__Dataset extract__.
* * * * * * *

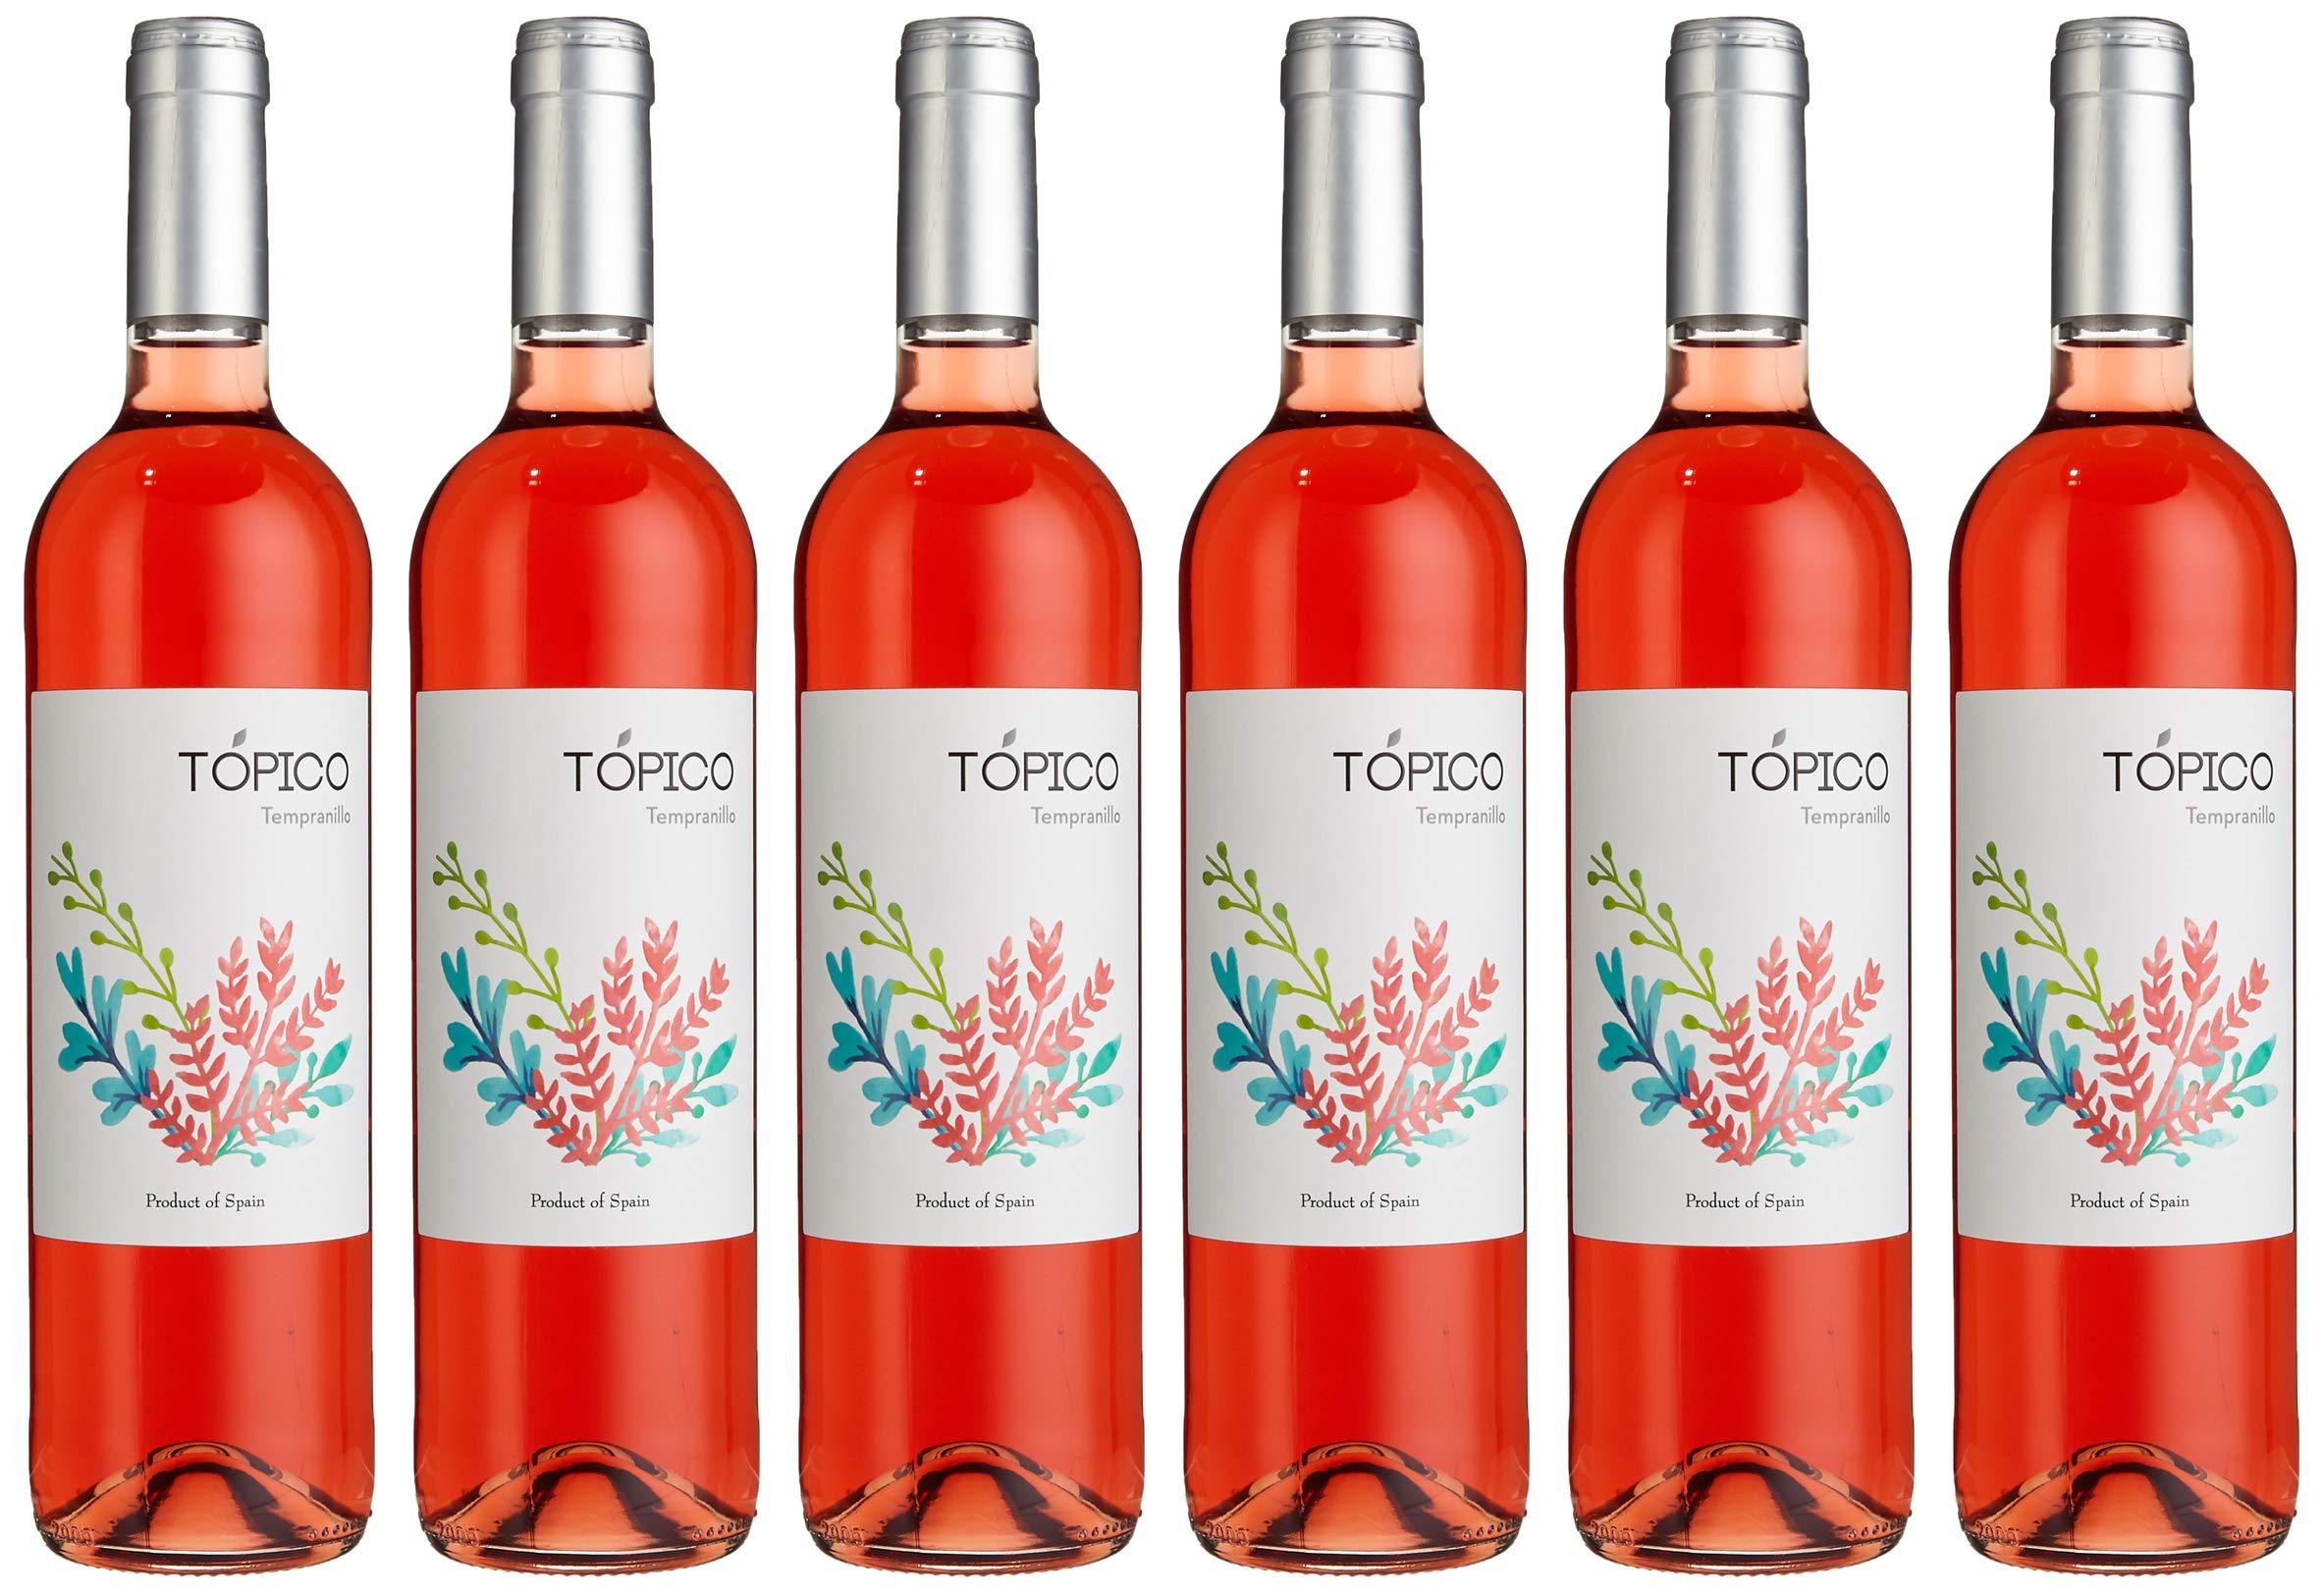 La-Remediadora-Topico-Rosado-Tempranillo-trocken-6-x-075-l
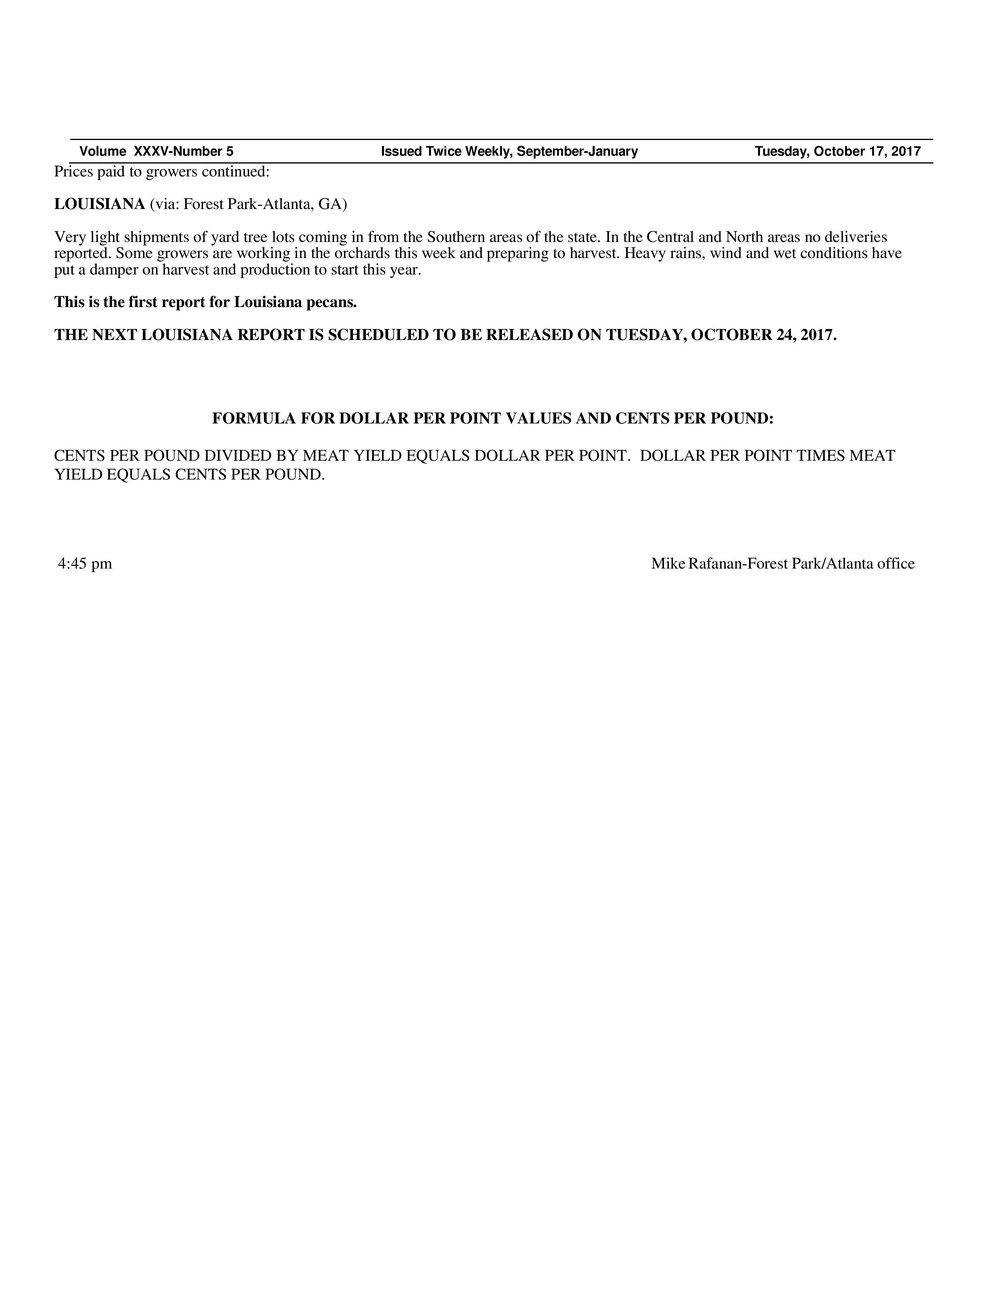 pecan report 10-17-17-page-002.jpg
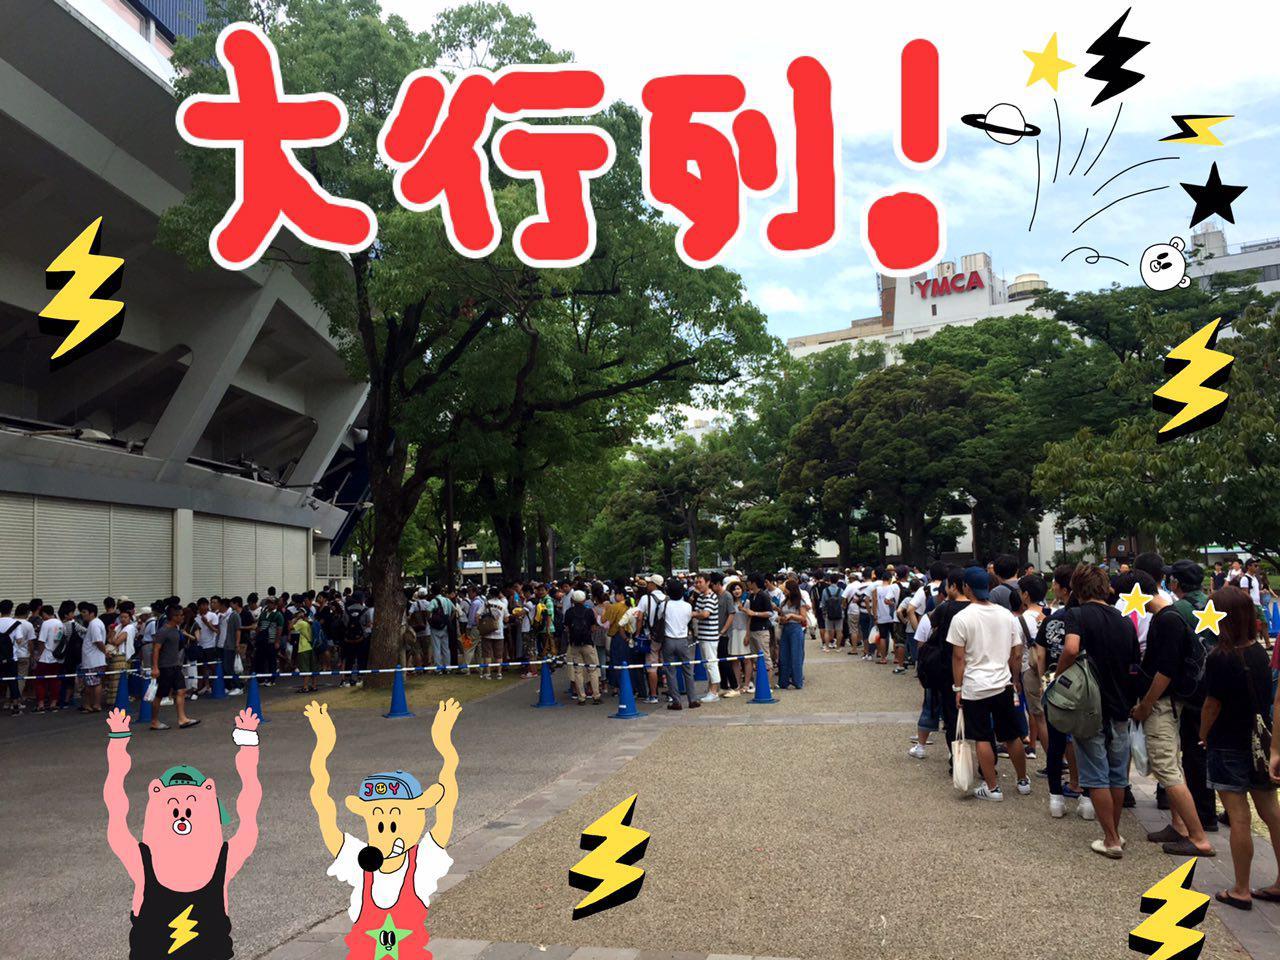 photo_2017-07-29_22-54-04.jpg

* * * * * * *

__Work request__. Transcribe every line of the data exactly. No pictures go in the copy.

__Solution to the problem__.
 La-Remediadora-Topico-Rosado-Tempranillo-trocken-6-x-075-l
 pecan report 10-17-17-page-002.jpg
 photo_2017-07-29_22-54-04.jpg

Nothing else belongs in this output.